------ Source records ------

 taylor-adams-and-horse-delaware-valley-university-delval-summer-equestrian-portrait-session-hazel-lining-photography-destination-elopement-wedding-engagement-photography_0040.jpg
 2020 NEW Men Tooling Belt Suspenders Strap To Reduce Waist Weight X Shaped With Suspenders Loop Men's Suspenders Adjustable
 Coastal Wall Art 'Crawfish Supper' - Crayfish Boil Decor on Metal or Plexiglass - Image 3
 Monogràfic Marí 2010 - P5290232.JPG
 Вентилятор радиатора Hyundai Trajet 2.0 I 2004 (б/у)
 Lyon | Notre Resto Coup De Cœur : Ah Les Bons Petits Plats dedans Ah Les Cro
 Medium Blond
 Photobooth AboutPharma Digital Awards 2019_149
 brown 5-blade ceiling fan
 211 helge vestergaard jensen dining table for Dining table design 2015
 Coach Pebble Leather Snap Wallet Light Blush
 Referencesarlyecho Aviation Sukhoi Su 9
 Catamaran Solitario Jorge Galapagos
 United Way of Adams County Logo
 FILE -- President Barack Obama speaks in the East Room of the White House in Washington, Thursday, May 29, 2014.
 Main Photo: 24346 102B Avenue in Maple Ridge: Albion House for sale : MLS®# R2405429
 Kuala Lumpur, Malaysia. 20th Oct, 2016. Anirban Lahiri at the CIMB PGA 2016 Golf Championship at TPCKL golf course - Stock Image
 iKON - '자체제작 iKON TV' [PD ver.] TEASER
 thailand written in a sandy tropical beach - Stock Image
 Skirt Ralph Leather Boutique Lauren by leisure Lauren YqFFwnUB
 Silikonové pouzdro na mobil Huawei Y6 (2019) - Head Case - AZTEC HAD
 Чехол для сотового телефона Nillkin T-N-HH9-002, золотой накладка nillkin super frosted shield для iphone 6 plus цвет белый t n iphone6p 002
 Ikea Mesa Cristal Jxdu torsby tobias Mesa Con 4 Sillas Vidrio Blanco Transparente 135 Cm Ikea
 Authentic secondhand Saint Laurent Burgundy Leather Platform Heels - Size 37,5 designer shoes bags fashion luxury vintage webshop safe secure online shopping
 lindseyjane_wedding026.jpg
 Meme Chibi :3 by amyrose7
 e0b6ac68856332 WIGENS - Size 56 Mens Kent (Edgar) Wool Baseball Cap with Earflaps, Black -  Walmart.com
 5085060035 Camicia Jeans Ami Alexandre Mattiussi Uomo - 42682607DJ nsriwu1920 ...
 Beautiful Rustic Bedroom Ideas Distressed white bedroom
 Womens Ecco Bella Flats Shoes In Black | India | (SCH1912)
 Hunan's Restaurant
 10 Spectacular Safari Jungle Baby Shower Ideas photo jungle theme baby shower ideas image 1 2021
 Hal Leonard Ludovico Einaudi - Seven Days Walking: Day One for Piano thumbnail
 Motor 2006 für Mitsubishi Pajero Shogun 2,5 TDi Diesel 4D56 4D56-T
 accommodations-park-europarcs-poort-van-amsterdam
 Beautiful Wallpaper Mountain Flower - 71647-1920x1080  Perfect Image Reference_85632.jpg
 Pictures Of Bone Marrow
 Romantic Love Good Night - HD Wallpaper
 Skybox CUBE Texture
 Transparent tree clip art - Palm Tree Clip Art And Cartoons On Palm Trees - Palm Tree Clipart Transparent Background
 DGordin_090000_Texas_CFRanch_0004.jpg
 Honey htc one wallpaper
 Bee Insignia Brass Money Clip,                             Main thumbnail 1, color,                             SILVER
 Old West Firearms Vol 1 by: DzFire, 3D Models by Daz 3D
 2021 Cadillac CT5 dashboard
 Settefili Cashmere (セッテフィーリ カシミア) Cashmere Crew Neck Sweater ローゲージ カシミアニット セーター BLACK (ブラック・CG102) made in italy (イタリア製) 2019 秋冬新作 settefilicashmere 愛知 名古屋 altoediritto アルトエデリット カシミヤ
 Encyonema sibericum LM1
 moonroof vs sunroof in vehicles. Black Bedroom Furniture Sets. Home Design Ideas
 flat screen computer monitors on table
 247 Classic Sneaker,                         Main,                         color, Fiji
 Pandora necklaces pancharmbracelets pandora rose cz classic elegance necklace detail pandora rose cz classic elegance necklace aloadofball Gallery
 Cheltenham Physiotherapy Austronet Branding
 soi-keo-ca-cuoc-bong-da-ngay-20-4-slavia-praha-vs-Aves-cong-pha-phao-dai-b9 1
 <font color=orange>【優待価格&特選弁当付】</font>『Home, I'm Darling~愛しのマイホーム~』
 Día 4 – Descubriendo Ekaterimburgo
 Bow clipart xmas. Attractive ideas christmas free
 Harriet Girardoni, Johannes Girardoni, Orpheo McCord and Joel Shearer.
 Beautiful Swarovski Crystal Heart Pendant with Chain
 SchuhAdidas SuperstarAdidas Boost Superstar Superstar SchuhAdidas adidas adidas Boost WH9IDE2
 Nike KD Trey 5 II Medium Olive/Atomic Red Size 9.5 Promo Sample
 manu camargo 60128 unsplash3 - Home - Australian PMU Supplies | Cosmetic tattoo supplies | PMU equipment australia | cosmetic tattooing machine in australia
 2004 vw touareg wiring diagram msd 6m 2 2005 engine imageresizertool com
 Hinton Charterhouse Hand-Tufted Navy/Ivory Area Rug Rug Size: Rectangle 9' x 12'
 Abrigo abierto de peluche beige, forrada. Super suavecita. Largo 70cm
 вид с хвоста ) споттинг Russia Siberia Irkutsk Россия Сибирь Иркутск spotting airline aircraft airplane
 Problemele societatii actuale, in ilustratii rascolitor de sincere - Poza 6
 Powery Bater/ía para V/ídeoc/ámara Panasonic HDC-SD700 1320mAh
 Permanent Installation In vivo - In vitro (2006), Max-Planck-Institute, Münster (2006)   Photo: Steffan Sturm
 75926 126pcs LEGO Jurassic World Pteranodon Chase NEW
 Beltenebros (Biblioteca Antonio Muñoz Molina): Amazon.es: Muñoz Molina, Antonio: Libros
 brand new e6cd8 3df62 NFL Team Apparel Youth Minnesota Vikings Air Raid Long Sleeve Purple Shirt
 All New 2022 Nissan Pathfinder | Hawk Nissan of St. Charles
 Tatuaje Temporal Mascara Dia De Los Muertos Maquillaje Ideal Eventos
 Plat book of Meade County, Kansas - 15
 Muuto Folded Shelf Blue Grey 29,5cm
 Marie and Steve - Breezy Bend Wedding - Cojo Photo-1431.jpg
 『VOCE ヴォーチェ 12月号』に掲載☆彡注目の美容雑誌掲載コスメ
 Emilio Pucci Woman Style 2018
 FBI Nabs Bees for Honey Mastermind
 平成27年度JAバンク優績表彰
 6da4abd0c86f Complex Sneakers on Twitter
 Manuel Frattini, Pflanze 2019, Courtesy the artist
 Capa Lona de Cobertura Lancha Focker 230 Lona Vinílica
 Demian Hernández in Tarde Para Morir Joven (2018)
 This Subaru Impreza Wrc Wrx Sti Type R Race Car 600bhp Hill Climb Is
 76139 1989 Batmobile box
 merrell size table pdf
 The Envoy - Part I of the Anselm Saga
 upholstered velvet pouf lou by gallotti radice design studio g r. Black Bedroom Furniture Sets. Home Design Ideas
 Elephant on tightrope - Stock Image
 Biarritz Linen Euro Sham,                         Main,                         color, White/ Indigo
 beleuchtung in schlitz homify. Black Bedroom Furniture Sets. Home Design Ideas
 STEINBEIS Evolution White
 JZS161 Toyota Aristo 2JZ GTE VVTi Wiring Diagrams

------

§ Exercise description
Show every line in the listing above that carries the word "County".

§ Output for this task
 United Way of Adams County Logo
 Plat book of Meade County, Kansas - 15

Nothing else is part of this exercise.